Наступление должно было начаться с весны 1861 года. Проект заселения, в главных чертах, был уже составлен, войска сосредоточены по местам; материальные запасы, заготовленные для прошлогодних действий на нижней Кубани, передвинуты на Лабу.
Фельдмаршал распоряжался всеми подробностями готовившегося похода, несмотря на тяжкую болезнь, удручавшую его уже несколько месяцев. К началу весны болезнь еще усилилась. Вследствие положительной воли государя императора в марте 1861 года князь Барятинский отправился за границу для излечения; но здоровье его долго не поправлялось. Тем не менее дело двинулось, основания были положены. Завоевание было довершено впоследствии другим главнокомандующим, в том же духе и с тою же энергией, какие отличали этот ряд необыкновенных походов с 1856 года; несмотря на перемену главнокомандующих, не произошло никакого перерыва не только во внутренней связи действий, но даже во внешней обстановке этой войны.
За отсутствием фельдмаршала, командующим армией остался генерал-адъютант князь Орбелян.

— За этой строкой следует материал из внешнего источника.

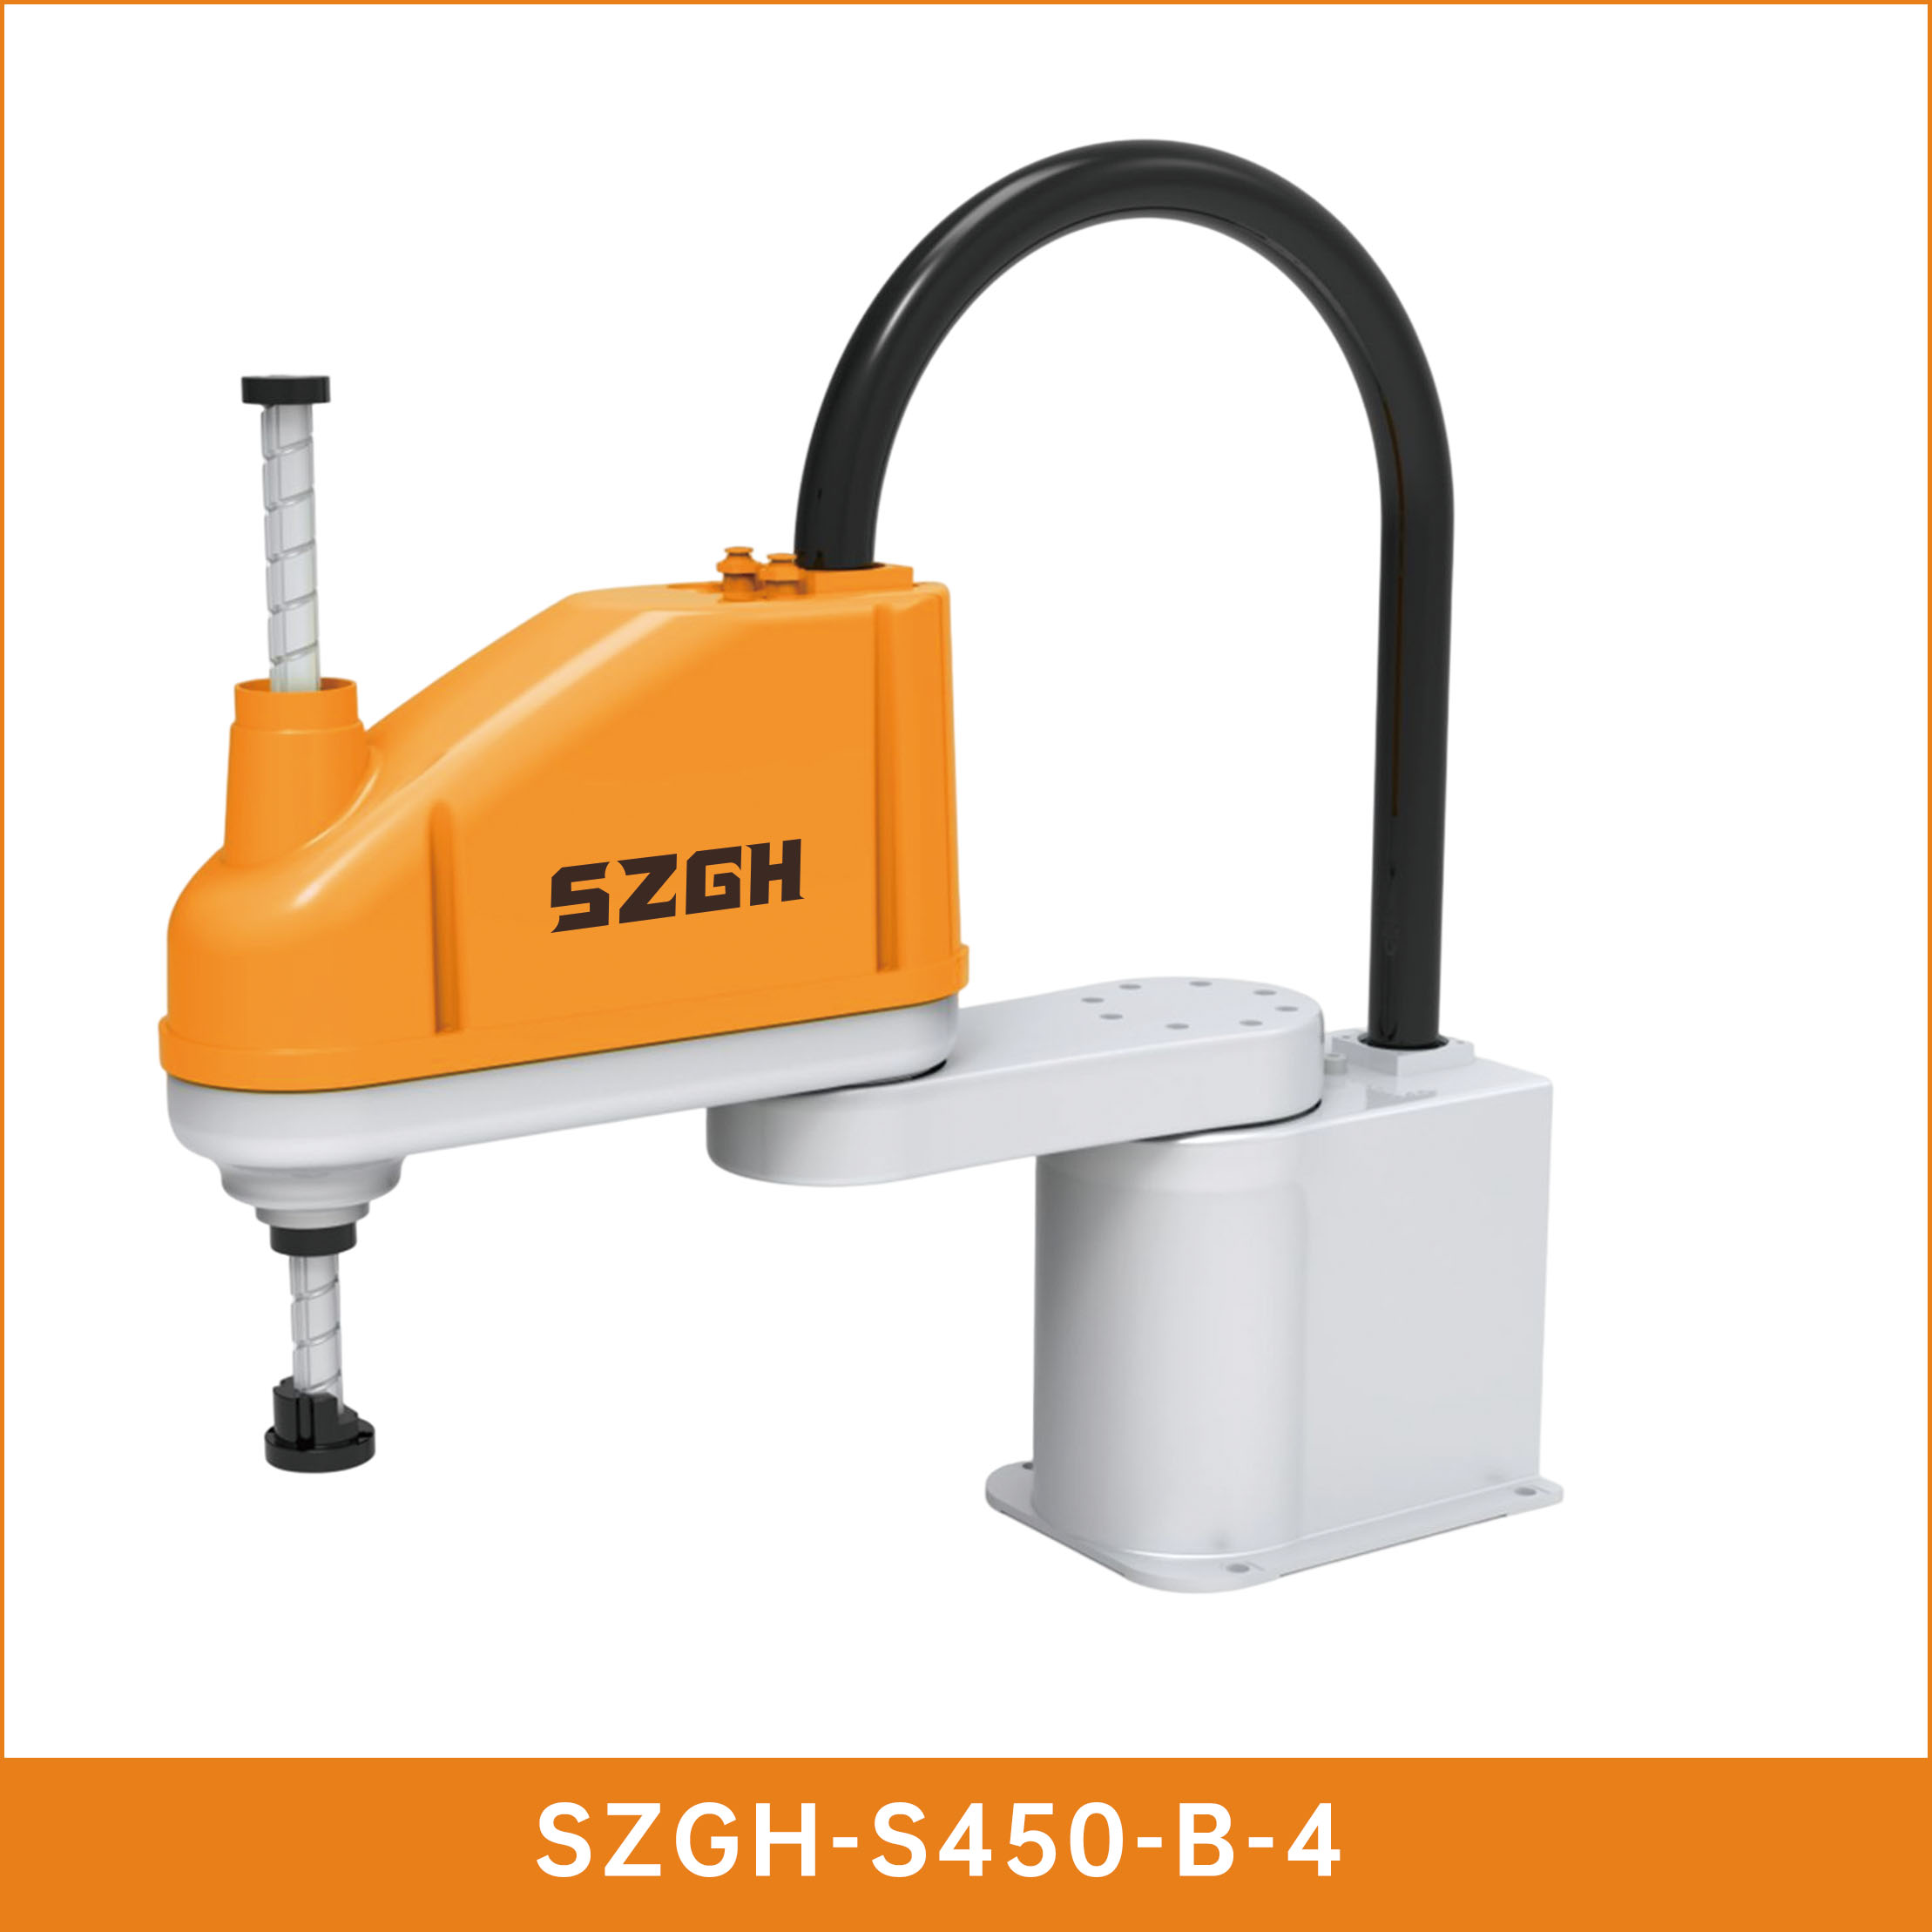 SZGH-S450-B-4 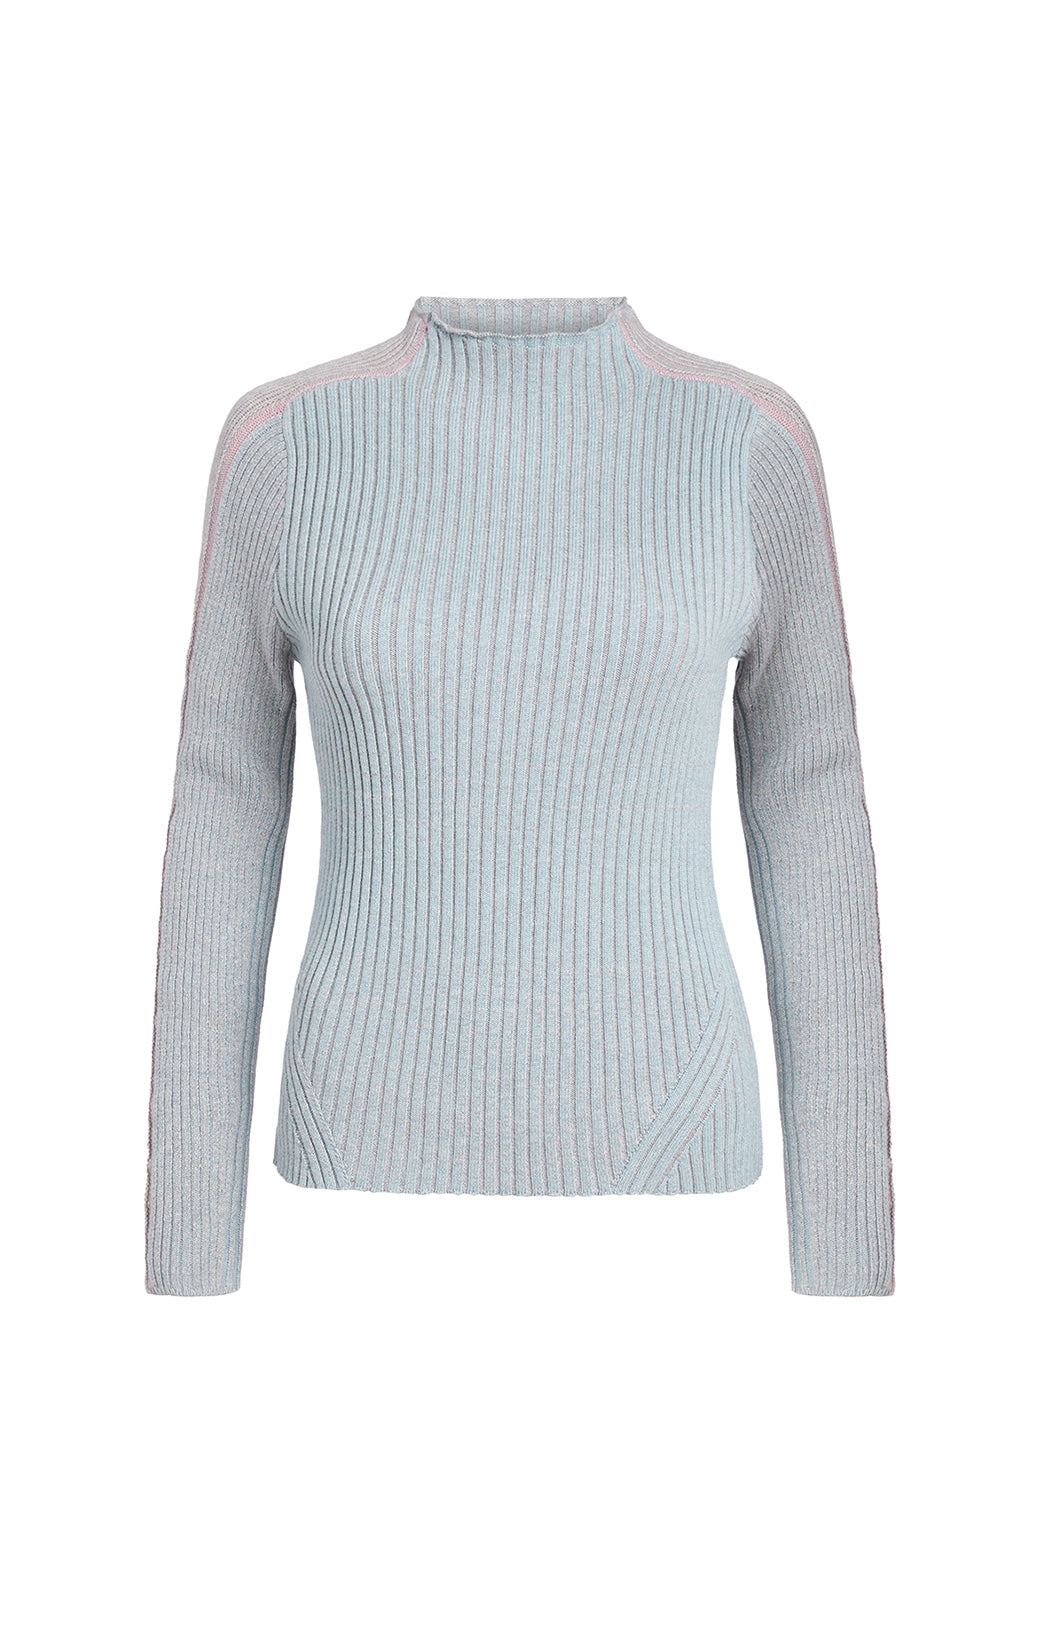 Strata - Jersey Intarsia Sweater - Product Image

Начальство Кубанской области находилось в руках графа Евдокимова.
VI
Весною 1861 года все было готово к немедленному открытию военных действий. Перемирие с абадзехами еще не было нарушено с нашей стороны; но поведение этого народа, по всей справедливости, избавляло нас от принятых обязательств. Князь Барятинский разрешил, перед отъездом, требовать от абадзехов безусловной покорности и, в случае отказа, в котором заранее нельзя было сомневаться, внести войну в их пределы. По плану, действия 1861 года должны были обнять с востока все пространство между Лабой и Белой, которое предполагалось заселить станицами; с запада – часть страны впереди Адагумской линии и Натухайский округ, куда также должно было ввести казачье население. Внезапное сопротивление назначенных к переселению казаков, о котором я говорил в предшествующем письме, разом остановило исполнение плана. В принятой системе действий завоевание и заселение края были связаны чрезвычайно тесно, должны были идти об руку. Пока перерабатывалось положение о правилах передвижения казаков, можно было располагать лишь небольшим количеством населения, назначенного жребием, по старому обычаю; а потому необходимо было остановить движение вперед. Все лето 1861 года прошло под влиянием этого неблагоприятного обстоятельства, но не осталось бесплодным; граф Евдокимов умел выгодно употребить период невольной остановки. Не имея возможности открыть действия немедленно, он решился не показывать даже вида неудовольствия абадзехами до зимы и воспользоваться их бездействием, чтоб очистить без боя все подступы к их стране, закончить в то же время многие важные работы, исполнение которых было значительно облегчено затишьем. Так как число жеребьевых переселенцев этого года не было достаточно для того, чтоб основать передовую линию по Белой, то они были назначены для усиления существовавших линий новыми станицами. Большая часть войск лабинского отряда была обращена на тот же предмет. Таким образом, Кубанская линия протянулась до выхода реки из горной теснины, Лабинская линия была продолжена в самые горы; крайняя станица ее, Псеменская, была первым опытом поселения русских людей в горах. Кроме того, верхняя часть Лабинской линии была прикрыта тремя станицами, основанными на левом, вражеском берегу, замиренном покуда только шатким договором с абадзехами. Усиление передовых линий позволило тогда же значительно сократить кордоны, охранявшие безопасность Прикубанского края.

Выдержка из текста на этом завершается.